More About the Author
Kit Sadgrove is a serial entrepreneur, business author and spare time photographer.
He runs a distance learning business, at www.inst.org. This makes him happy because it lets him spend time working with words. He'd rather be doing that than cleaning the house or putting up shelves.
The company's courses focus on self-employment and careers, which means Sadgrove can spend time thinking how people could work for themselves. Too many people work in low paid jobs, or have a bad boss. Life is short, and being self employed can be no less risky than being an employee. But Kit knows that self employment doesn't suit lots of people, and he is also interested in the world of business generally.

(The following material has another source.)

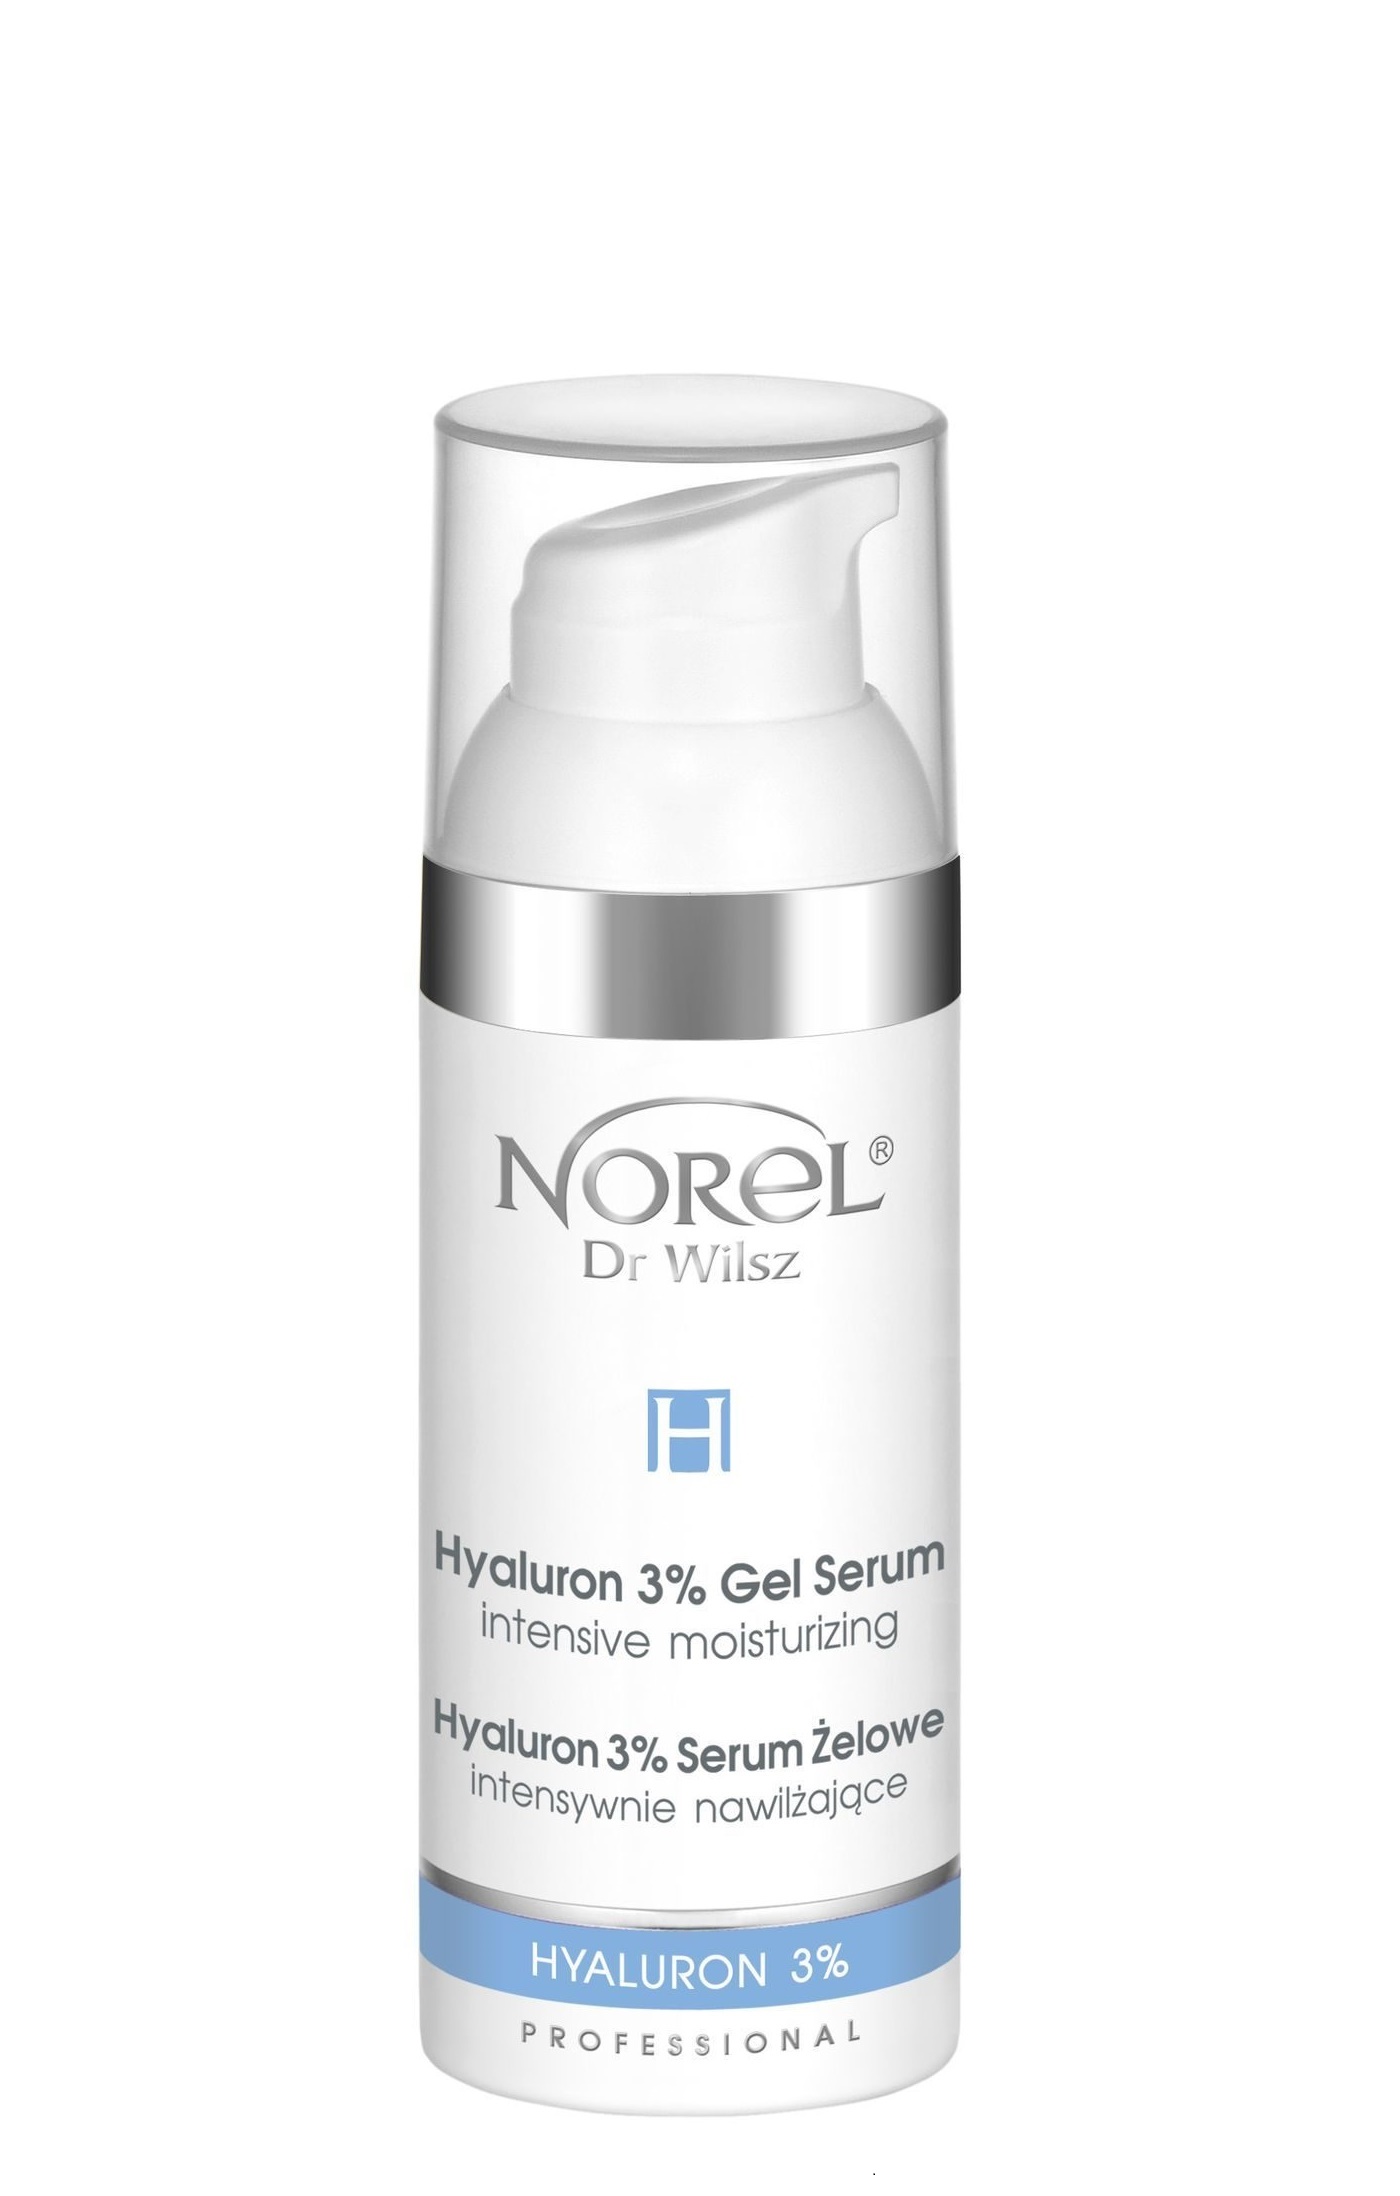 Norel Hyaluron 3% Gel Serum-Intensive Moisturizing. Norel Dr Wilsz очищающее молочко Hyaluron Plus. Сыворотка увлажняющая (50 мл). Concentrate интенсивная сыворотка гиалуроновая.

For a business to run smoothly, there should be a written procedure for every major process. It makes life less stressful for the employee. And if an employee leaves, the knowledge will stay in the business. If you don;t believe that, wait until a key employee leaves and takes their records with them.
ISO 9001 is best known for its written procedures, and that's how Kit got into writing 'ISO 9001: The Complete Guide'. He's a fan of ISO 9001, or at least the principles behind it, because it requires a business to understand its processes. Sadly, ISO 9001 is often implemented under duress.
Most risk management is common sense. If it gets too sophisticated, it's probably off course. But it's easy to miss some important areas of risk, and focus on those categories you're familiar with. So if you come, say, from health and safety, you may find you spend time on that topic. You may be less familiar with fraud, finance or procurement.
And that's why The Complete Guide to Risk Management is a useful book. Because it's been through two editions, and lots of people have made helpful suggestions, it's gold mine of information. No other book covers so many areas of risk.
If you have a smart phone, you're carrying a camera everywhere you go. And if you travel through the streets of any city, you come across an extraordinary range of people.
You only have to sit in a coffee shop for twenty minutes for a parade of weird and wonderful characters to pass before your eyes.
And the iPhone and the Android phones are just great at capturing that exuberance.
If you're nervous or unsure about how to start street photography, try Sadgrove's book: Street Photography: The Complete Guide. It's packed with practical information.
Although Sadgrove has always taken photos, the iPhone brought him to explore street photography in a more serious way. Now he can't walk down the street without his phone in hand.
He likes to accompany his girlfriend around the shops, camera in hand. As a result he has a lot of pictures of women trying on shoes. One day this will get him into trouble.